Thanks Pragabhava, but I am looking for a tight upper bound for exponential function. I know a close upper bound ($1/(1-x)$) , but I am looking for polynomial form! –  Mehran Oct 10 '12 at 19:39
    
Sorry, "x is discrete" was a mistake. –  Mehran Oct 10 '12 at 19:48

2 Answers 2

Since you suggest in the comments you would like a polynomial bound, you can use any even Taylor polynomial for $e$.

Proposition. $\boldsymbol{1 + x + \frac{x^2}{2!} + \cdots + \frac{x^n}{n!}}$ is an upper bound for $\boldsymbol{e^x}$ when $\boldsymbol{n}$ is even and $\boldsymbol{x \le 0}$.

Proof.

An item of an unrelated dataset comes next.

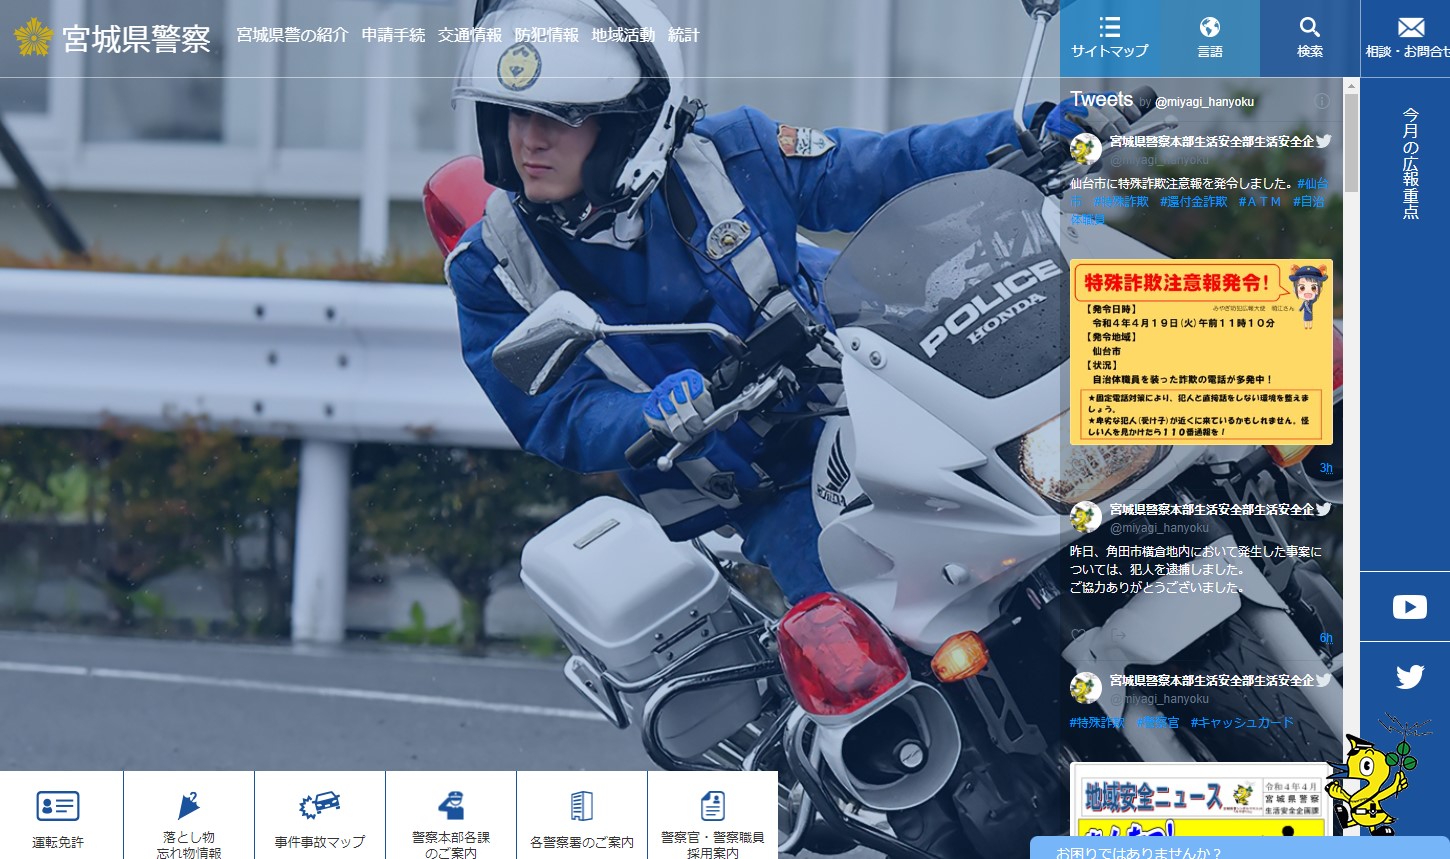 宮城県警察のホームページのキャプチャ画像

We wish to show $f(x) \ge 0$ for all $x$, where $f: (-\infty, 0] \to \mathbb{R}$ is the function defined by $f(x) = 1 + x + \frac{x^2}{2!} + \cdots + \frac{x^n}{n!} - e^x.$ Since $f(x) \to \infty$ as $x \to - \infty$, $f$ must attain an absolute minimum somewhere on the interval $(-\infty, 0]$.

  • If $f$ has an absolute minimum at $0$, then for all $x$, $f(x) \ge f(0) = 1 - e^0 = 0$, so we are done.

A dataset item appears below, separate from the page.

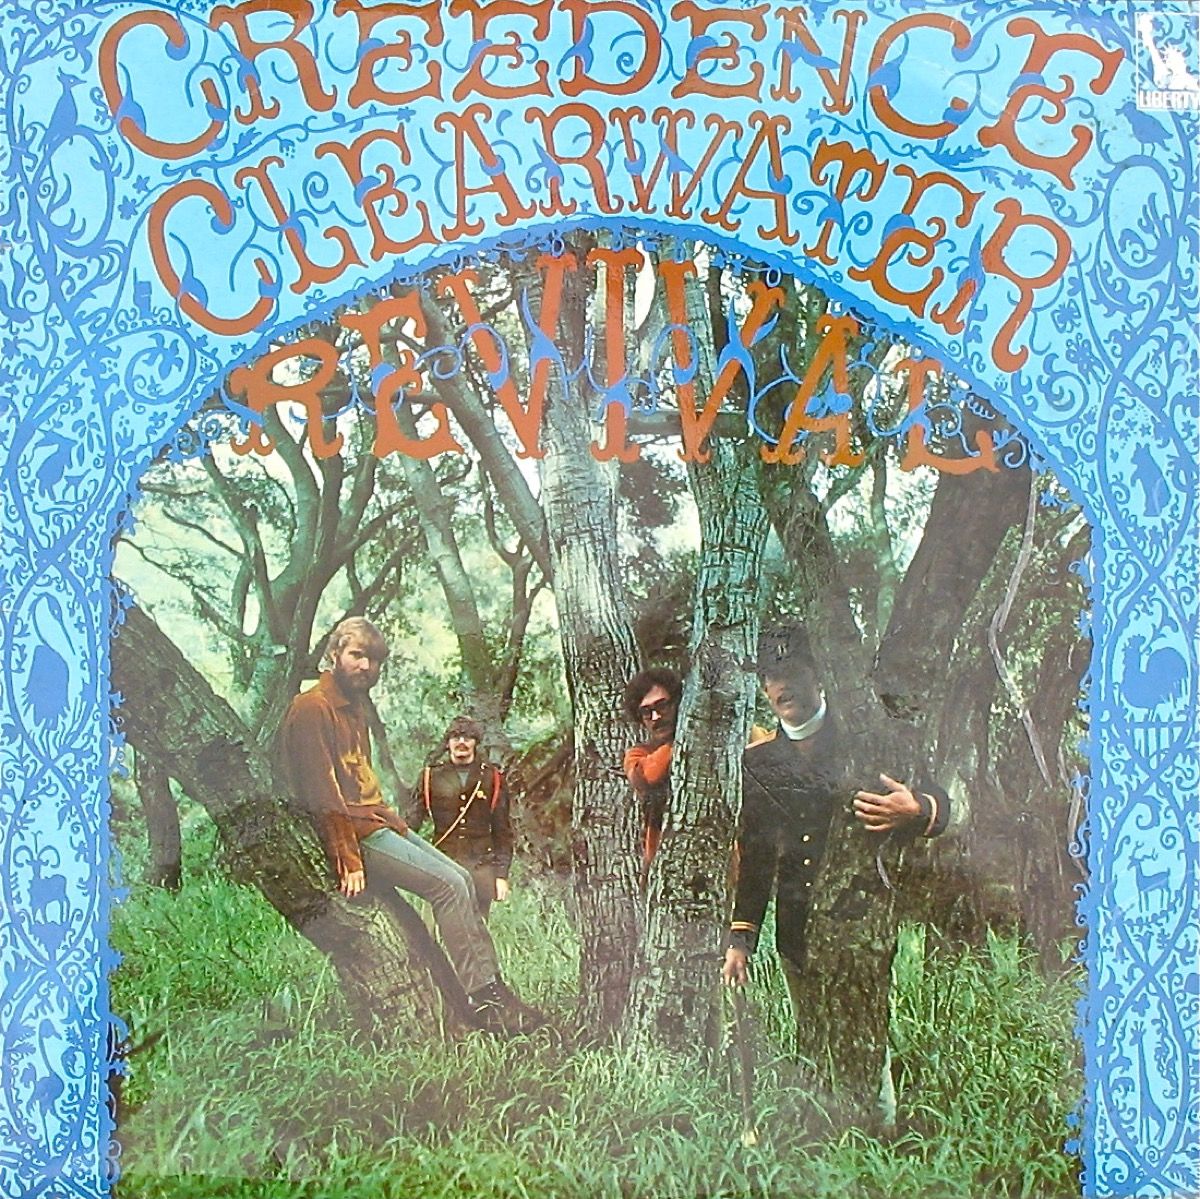 Creedence Clearwater Revival debüütalbumi kaas

  • If $f$ has an absolute minimum at $y$ for some $y < 0$, then $f'(y) = 0$. But differentiating, $$ f'(y) = 1 + y + \frac{y^2}{2!} + \cdots + \frac{y^{n-1}}{(n-1)!} - e^y = f(y) - \frac{y^n}{n!}. $$ Therefore, for any $x$, $$ f(x) \ge f(y) = \frac{y^n}{n!} + f'(y) = \frac{y^n}{n!} > 0, $$ since $n$ is even. $\square$


Keep in mind that any polynomial upper bound will only be tight up to a certain point, because the polynomial will blow up to infinity as $x \to -\infty$. Also note, the same proof shows that the Taylor polynomial is a lower bound for $e^x$ when $n$ is odd and $x \le 0$.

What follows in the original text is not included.